长平侯府的马车离开后,萧成策便入宫,去见皇后。
小侯爷虽是为了自己才跑东宫求他帮忙,但他也确实不希望萧玄翌得到谢家的助力。
萧玄翌的母妃是王氏女,皇后的母族却不在三氏族内,无法给他同等的助力。若再掺和进来一个谢氏,无异于雪上加霜。

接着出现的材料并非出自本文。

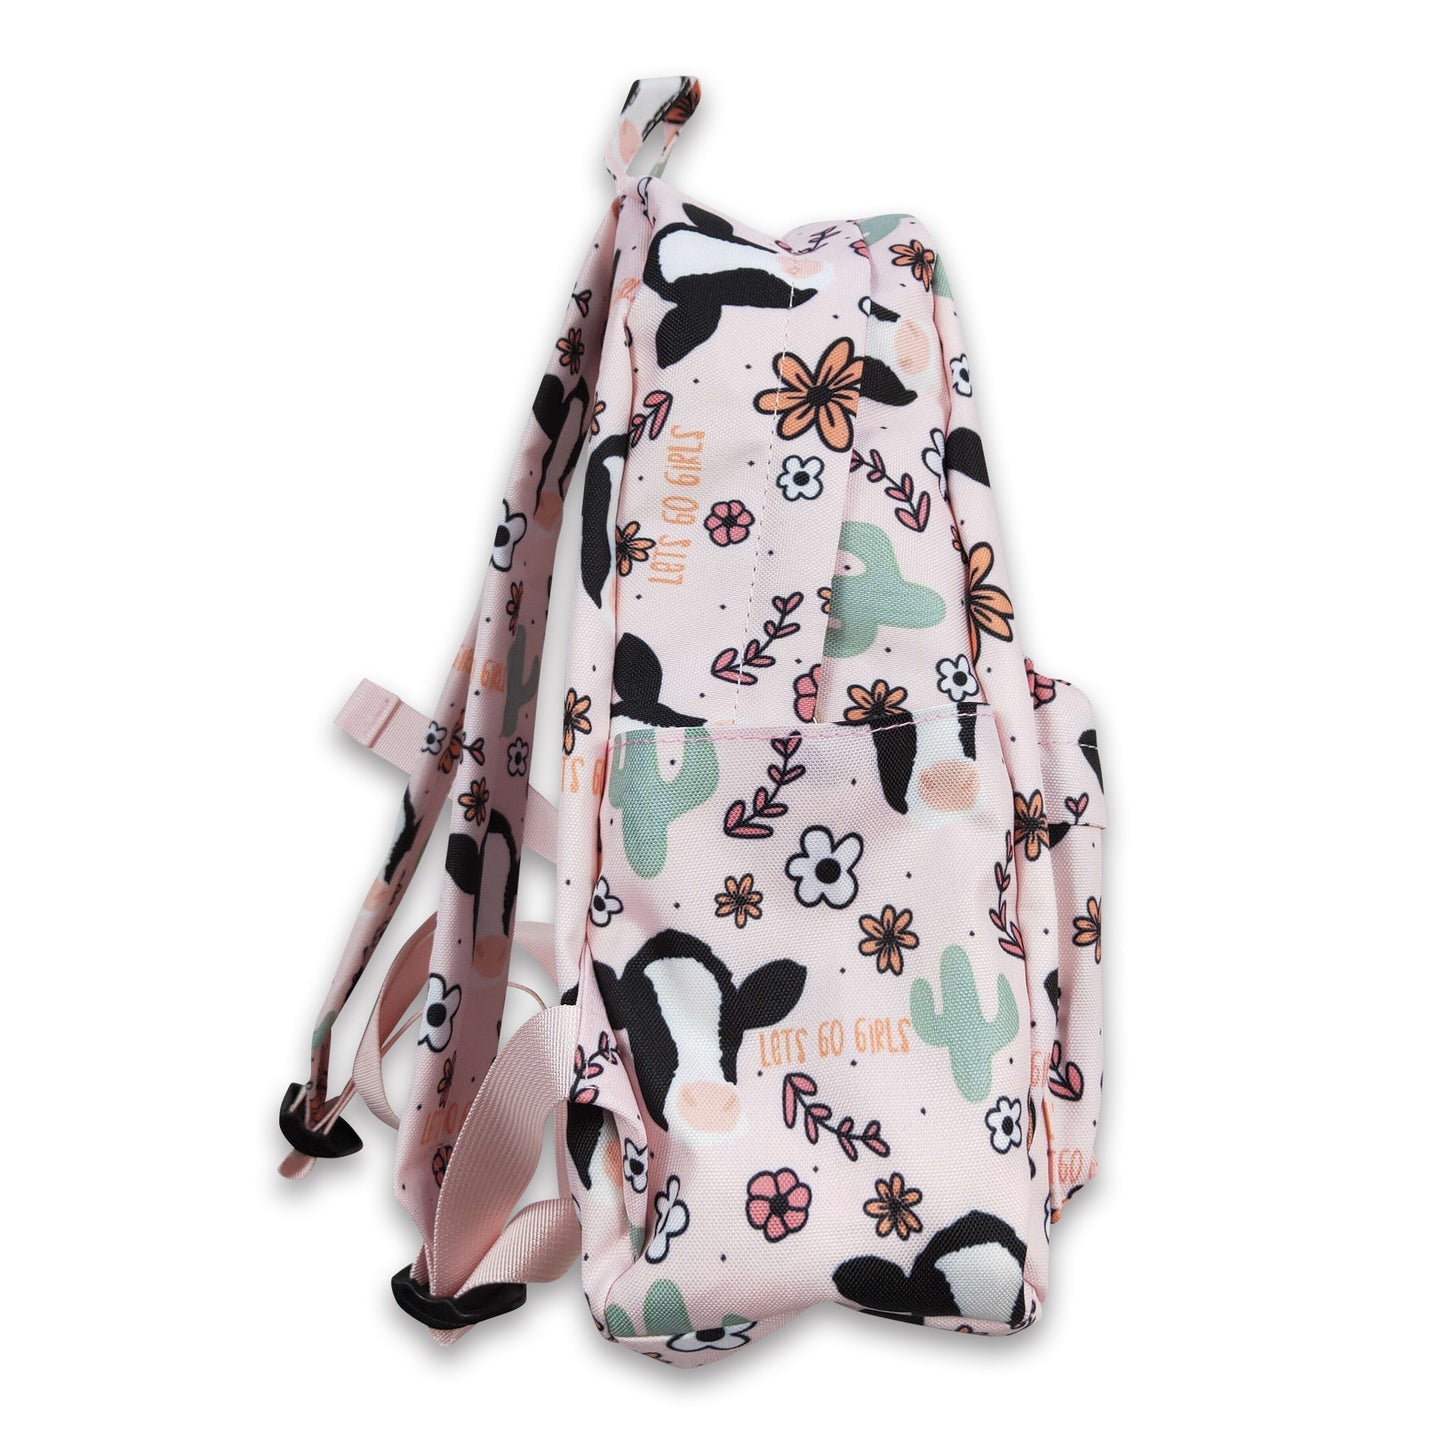 Let's go girls cow western backpack kids back to school bags
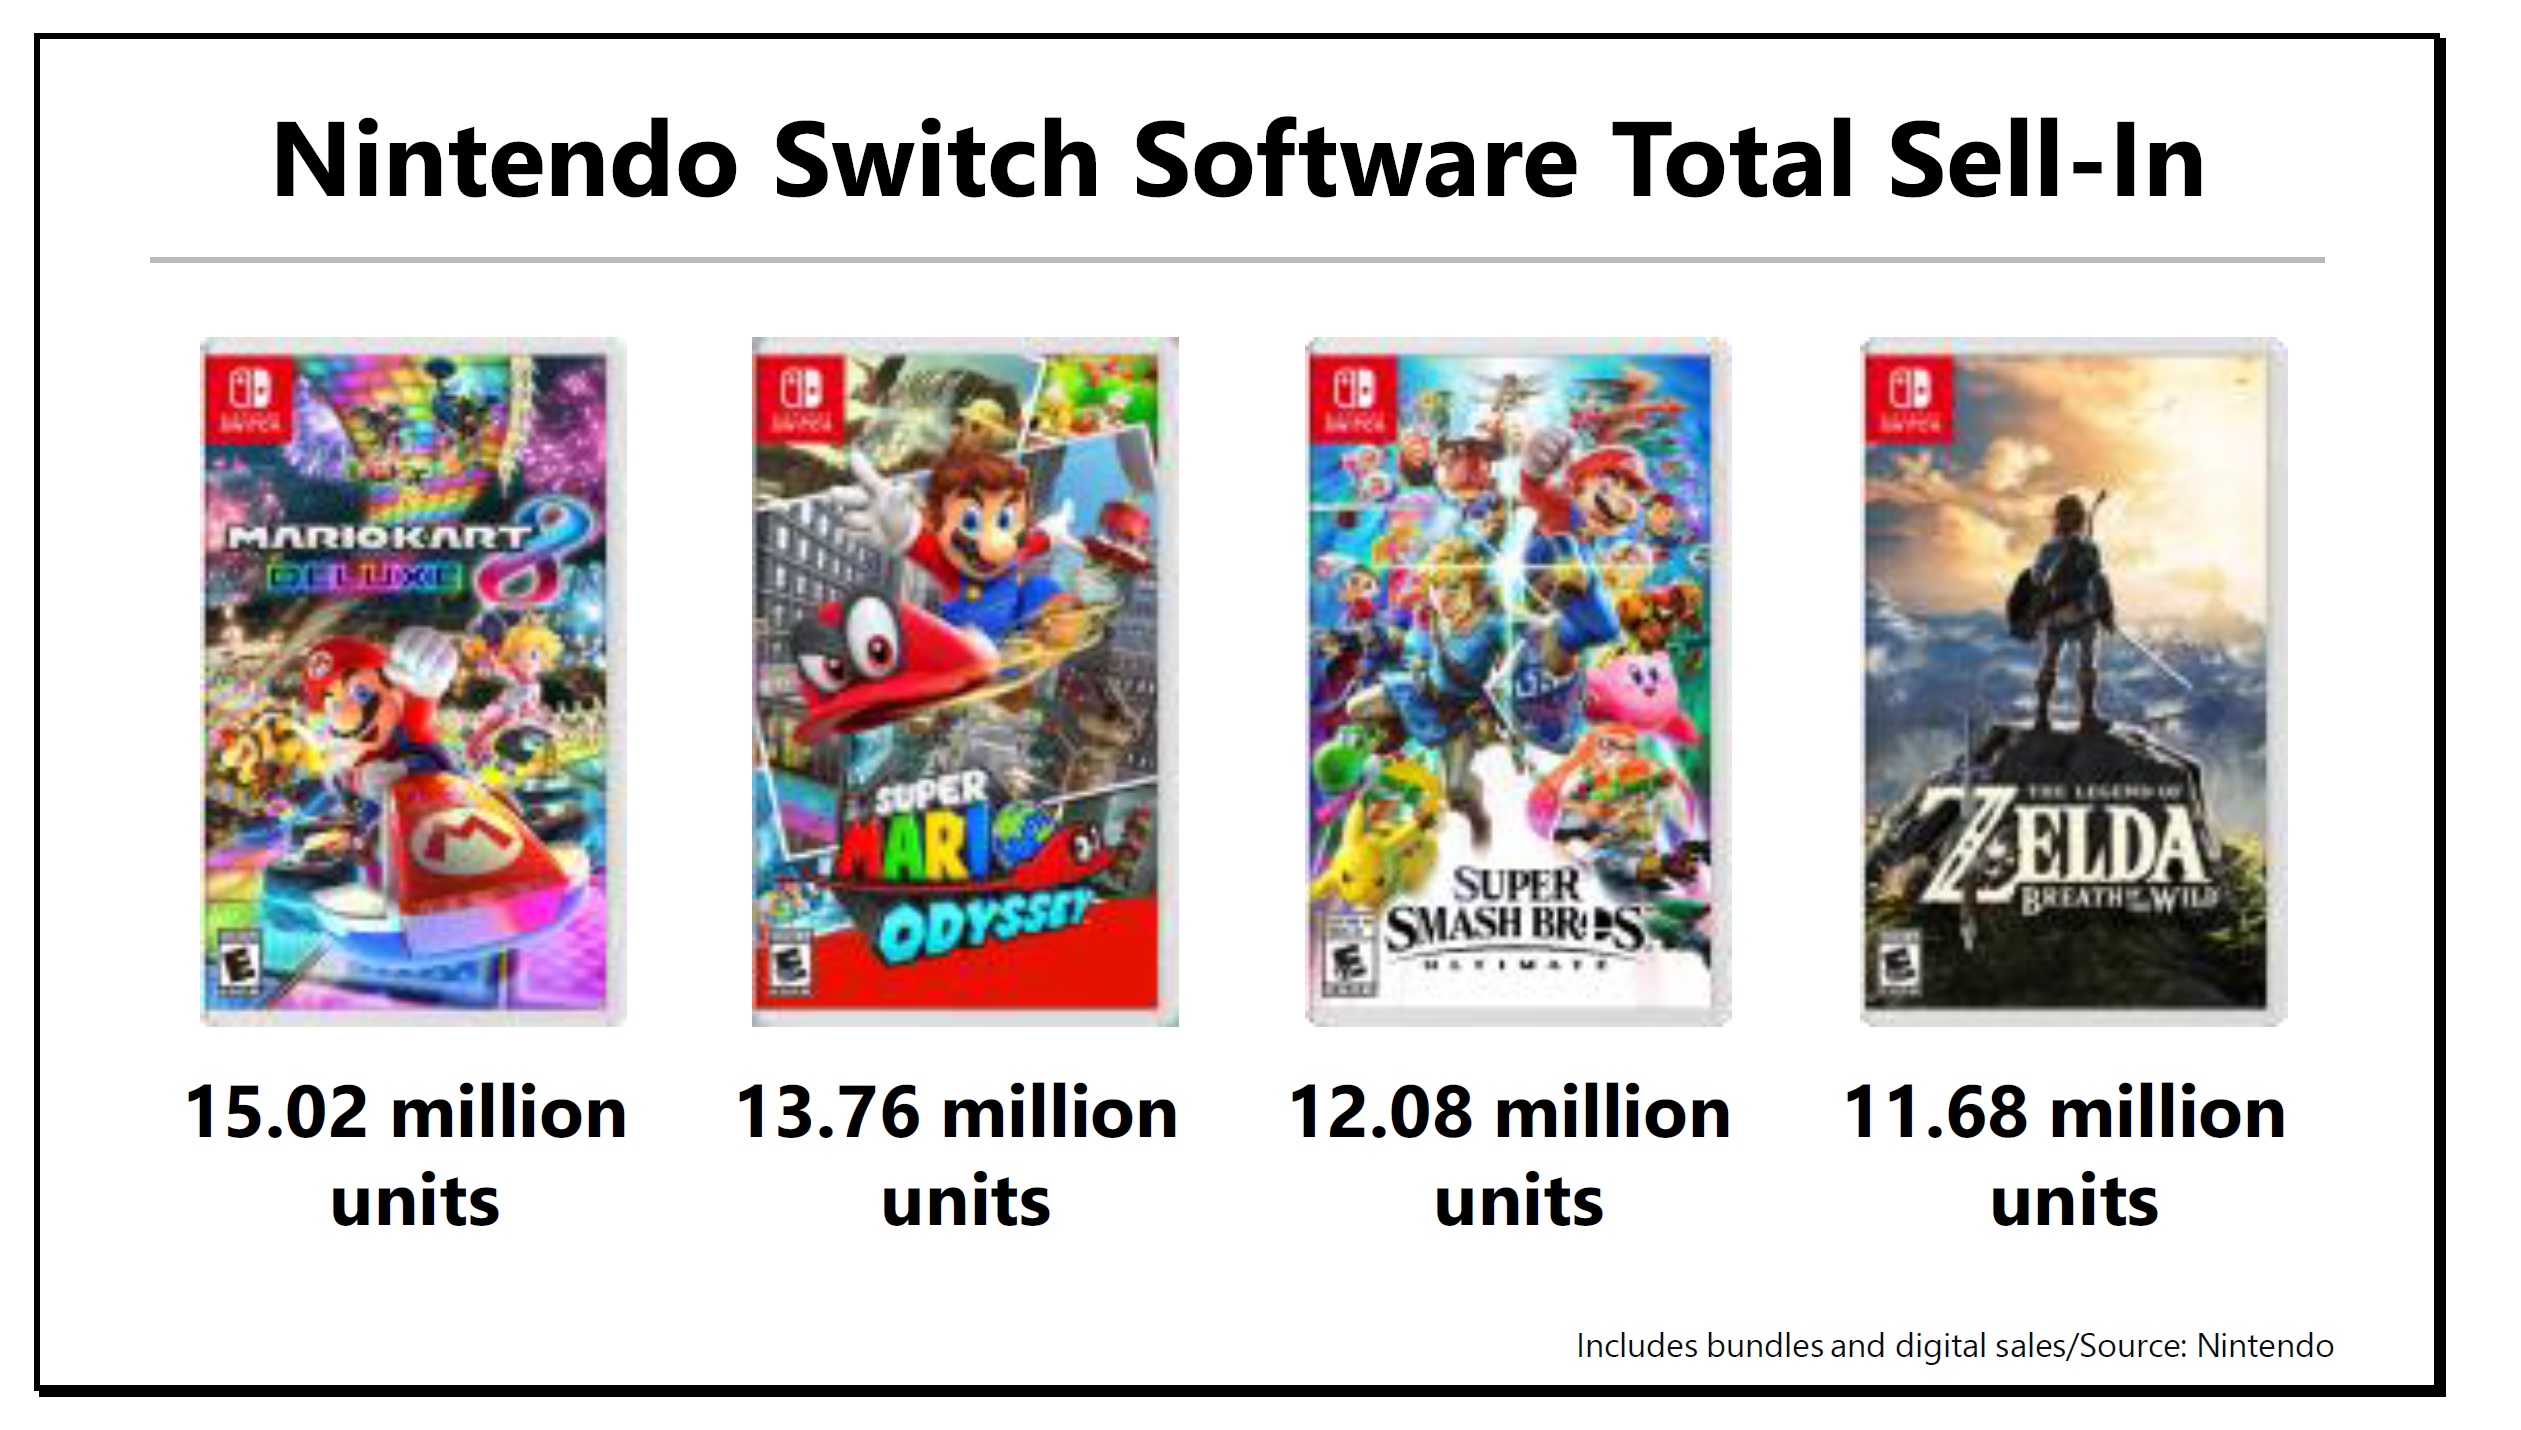 Nintendo on its bestselling Switch games

所以,即使贺识微不开口,他也会把这门亲事搅黄。但他的好表弟既然求上门来了,他不介意顺手卖小侯爷一个人情。
萧成策打算请皇后出面。
皇后身居中宫,掌六宫之事,是所有皇子、公主的母后,这种事,由她来说更为妥当。
宫廷内禁,马车不得入内。萧成策由宫人引着,经过长长的宫道,进了皇后的宫室。
“孩儿见过母后。”萧成策一拜。
皇后端坐于凤座,在这金玉满堂的宫殿内,她的衣饰却并不多么华丽,声音温婉:“太子来了,快坐,不必拘礼。”
她生得慈眉善目,年轻时应是个婉约美人。
萧成策道明来意,皇后思忖片刻,道:“我虽是识微的姨母,但那孩子生母早逝,这些年来,我与他也生分了许多,未尽长辈之责。”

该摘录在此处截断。